Not able to load via transformers
Hi bro, I am newbie to qlora, I tried below code and it raises OSError. Can you tell me how to load and use this using python.
from transformers import AutoTokenizer, AutoModelForCausalLM
tokenizer = AutoTokenizer.from_pretrained("TheBloke/guanaco-65B-GPTQ")
model = AutoModelForCausalLM.from_pretrained("TheBloke/guanaco-65B-GPTQ")
OSError Traceback (most recent call last)
in <cell line: 5>()
3 tokenizer = AutoTokenizer.from_pretrained("TheBloke/guanaco-65B-GPTQ")
4
----> 5 model = AutoModelForCausalLM.from_pretrained("TheBloke/guanaco-65B-GPTQ")
1 frames
/usr/local/lib/python3.10/dist-packages/transformers/modeling_utils.py in from_pretrained(cls, pretrained_model_name_or_path, *model_args, **kwargs)
2553 )
2554 else:
-> 2555 raise EnvironmentError(
2556 f"{pretrained_model_name_or_path} does not appear to have a file named"
2557 f" {_add_variant(WEIGHTS_NAME, variant)}, {TF2_WEIGHTS_NAME}, {TF_WEIGHTS_NAME} or"
OSError: TheBloke/guanaco-65B-GPTQ does not appear to have a file named pytorch_model.bin, tf_model.h5, model.ckpt or flax_model.msgpack.

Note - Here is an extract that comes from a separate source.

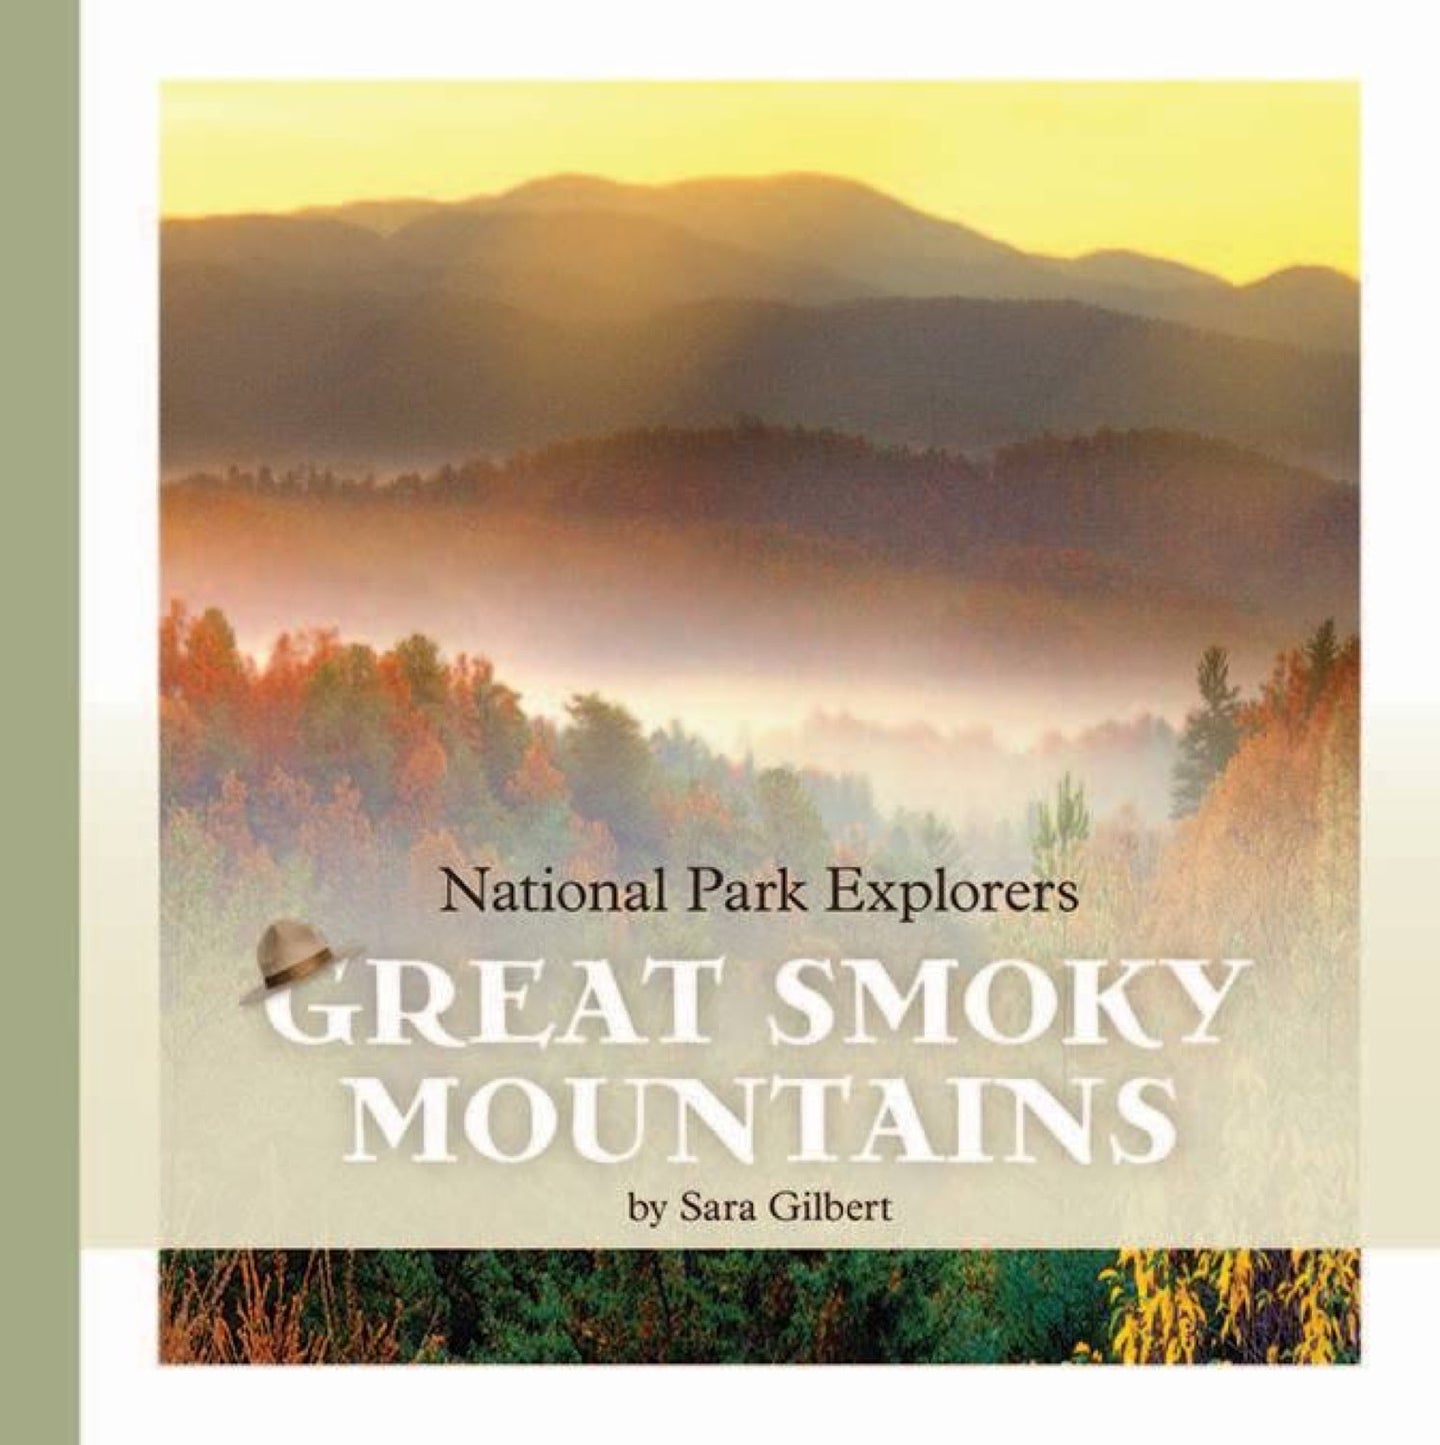 National Park Explorers: Great Smoky Mountains

You can't load GPTQ models from regular transformers, you need AutoGPTQ
pip install auto-gptq
Here is example code:
from transformers import AutoTokenizer, pipeline, logging
from auto_gptq import AutoGPTQForCausalLM, BaseQuantizeConfig
import argparse
model_name_or_path = "TheBloke/guanaco-65B-GPTQ"
model_basename = "Guanaco-65B-GPTQ-4bit.act-order"
use_triton = False
tokenizer = AutoTokenizer.from_pretrained(model_name_or_path, use_fast=True)
model = AutoGPTQForCausalLM.from_quantized(model_name_or_path,
model_basename=model_basename,
use_safetensors=True,
trust_remote_code=True,
device="cuda:0",
use_triton=use_triton,
quantize_config=None)
prompt = "Tell me about AI"
prompt_template=f'''### Instruction: {prompt}
### Response:'''
print("\n\n*** Generate:")
input_ids = tokenizer(prompt_template, return_tensors='pt').input_ids.cuda()
output = model.generate(inputs=input_ids, temperature=0.7, max_new_tokens=512)
print(tokenizer.decode(output[0]))
# Inference can also be done using transformers' pipeline
# Prevent printing spurious transformers error when using pipeline with AutoGPTQ
logging.set_verbosity(logging.CRITICAL)
print("*** Pipeline:")
pipe = pipeline(
"text-generation",
model=model,
tokenizer=tokenizer,
max_new_tokens=512,
temperature=0.7,
top_p=0.95,
repetition_penalty=1.15
)
print(pipe(prompt_template)[0]['generated_text'])
Thank you bro ππ
First of all, thanks a lot for your work!
I encounter an issue which is directly caused by following codes:
model = AutoGPTQForCausalLM.from_quantized(model_name_or_path,
model_basename=model_basename,
use_safetensors=True,
device_map="auto",
trust_remote_code=True,
device="cuda",
use_triton=use_triton,
quantize_config=None)
it first warns me:
WARNING 2023-07-03 22:36:45,587-1d: CUDA extension not installed.
....
WARNING 2023-07-03 22:36:58,012-1d: The safetensors archive passed at /home/mydir/.cache/huggingface/hub/models--TheBloke--guanaco-65B-GPTQ/snapshots/c1a31c76e7228a13bc542b25243b912f12e39c87/Guanaco-65B-GPTQ-4bit.act-order.safetensors does not contain metadata. Make sure to save your model with the `save_pretrained` method. Defaulting to 'pt' metadata.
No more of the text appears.